Creating an ‘Ethical Guide to Murder’ helps Thea to focus her new-found skills.
But as she embarks on her mission to punish the wicked and give the deserving more time, she finds that it isn’t as simple as she first thought.
How can she really know who deserves to die, and can she figure out her own rules before Ruth’s borrowed time runs out?
My Opinion: When I first picked up this novel, I was expecting something else, maybe along the lines of Rupert Holmes’ How to Murder Your Employer. What I got instead was a narrative far more layered: imagine the moral tangle of Nickelback’s “Savin’ Me” video spliced with the eerie notes of Victoria Laurie’s When, then add an ethical dilemma at the top of each chapter like a philosophical pop quiz.
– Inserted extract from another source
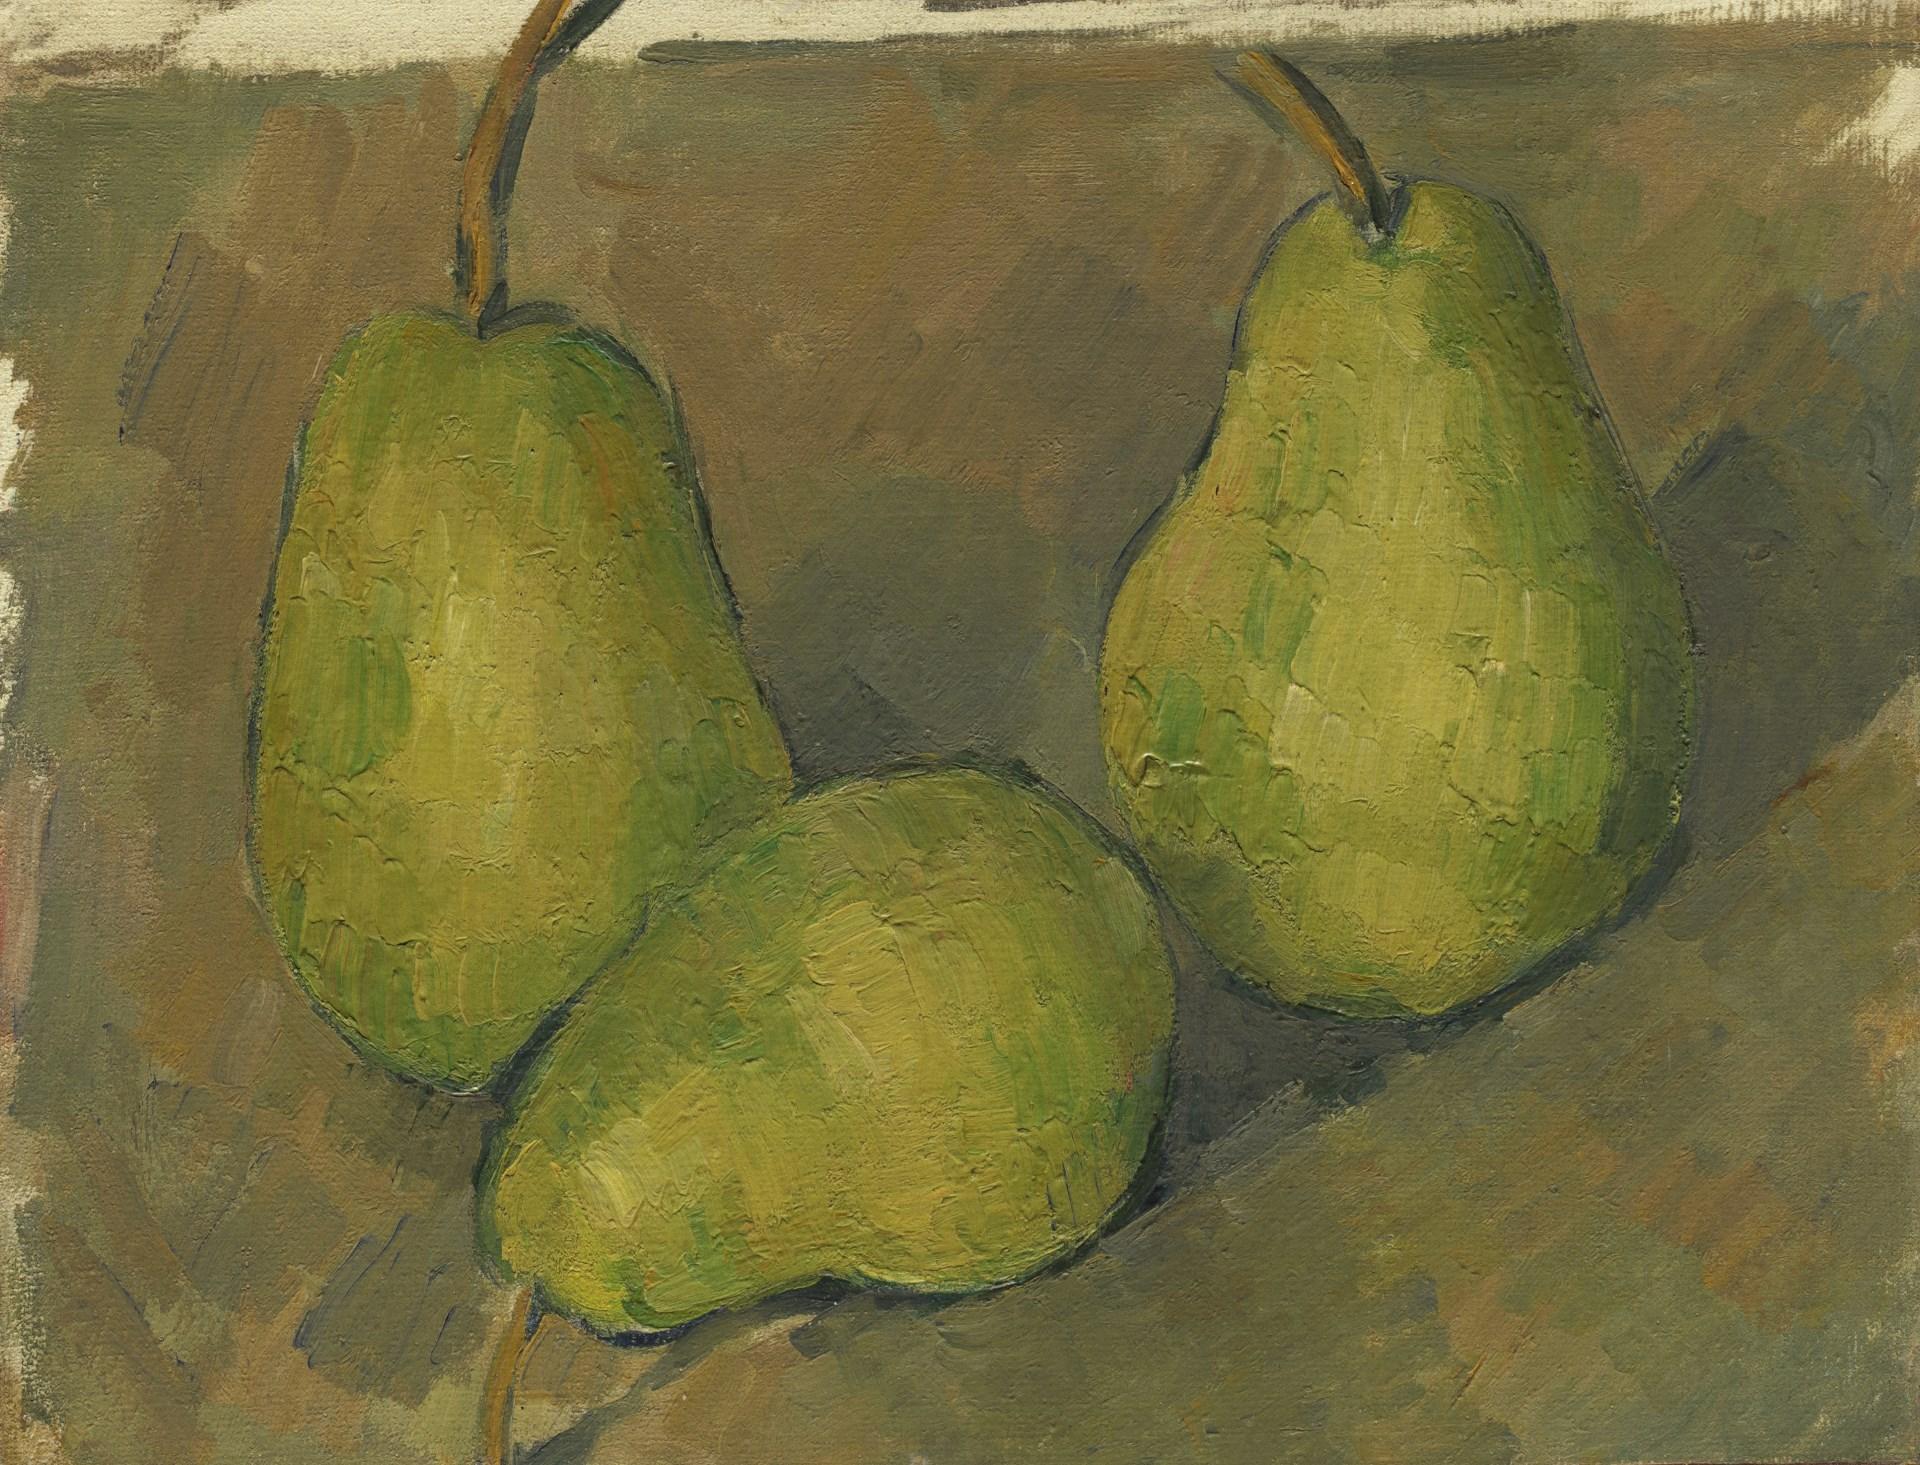 Three Pears, 1878/1879

From the moment Thea realizes her ability to see how long someone has to live simply by touching them, you’re hooked. Then the questions start to creep in. What do you do with that kind of knowledge? Can you redirect lifespans? Can you steal years from the villain and hand them to the saint? And if you do… are you playing God, or just playing the odds?
Morris doesn’t hold back. Each chapter opens with a new ethical quandary that forces you to pause and ask yourself what you would do. The bright, cheerful cover may suggest cozy mystery vibes, but what waits inside is a moral tug-of-war. As Thea’s grandfather wisely warns: “Doing a wrong thing for a right reason is still a wrong thing. Especially if you're the one deciding what the right thing is.” That line? It lingers. Right up there with, “just because you can, should you.”
Now, that’s not to say it’s all doom and dread. There are moments of humor, irony, and even dry wit, as you find yourself muttering, “Come on, Thea,” while she ignores red flags that are practically neon. Thea’s desperation to be seen makes her vulnerable, and Sam swoops in with just enough charm to make the reader suspicious. I didn’t trust him from the start. He was moving too fast. The charm is too polished. He found Thea’s weakness and took full advantage of it. Come on, Thea, believe in yourself and stop using a hypocrite as a moral compass.
Watching Thea evolve and how power changes her is stomach-wrenching. As she slips deeper into her role as an avenging angel, wielding mortality as a weapon and justifying her choices, the tension intensifies. Is this still the Thea we first met, or has the power transformed her into something else?
Throughout all of this, Thea balances life math with emotional fallout and giving, taking, and never quite letting the reader know where her finish line is. And then come the reveals. A twist knocks the wind out of you. The answers that click into place are tender and devastating, especially for a girl who never truly felt she belonged after losing her parents.
The ending surprised me, not just once, but twice. Just when I thought the story had neatly tied itself up, Morris tugged on a thread that unraveled even more. And that final passage? Worth it. It reframes the entire story in a way that had me revisiting earlier chapters in my mind.
So don’t let your expectations or the cover steer you wrong; this one’s worth sticking with. An Ethical Guide to Murder asks what happens when moral clarity runs headfirst into personal grief and unchecked power. And long after the last page, you’ll still be chewing on the choices made. And the ones that weren’t.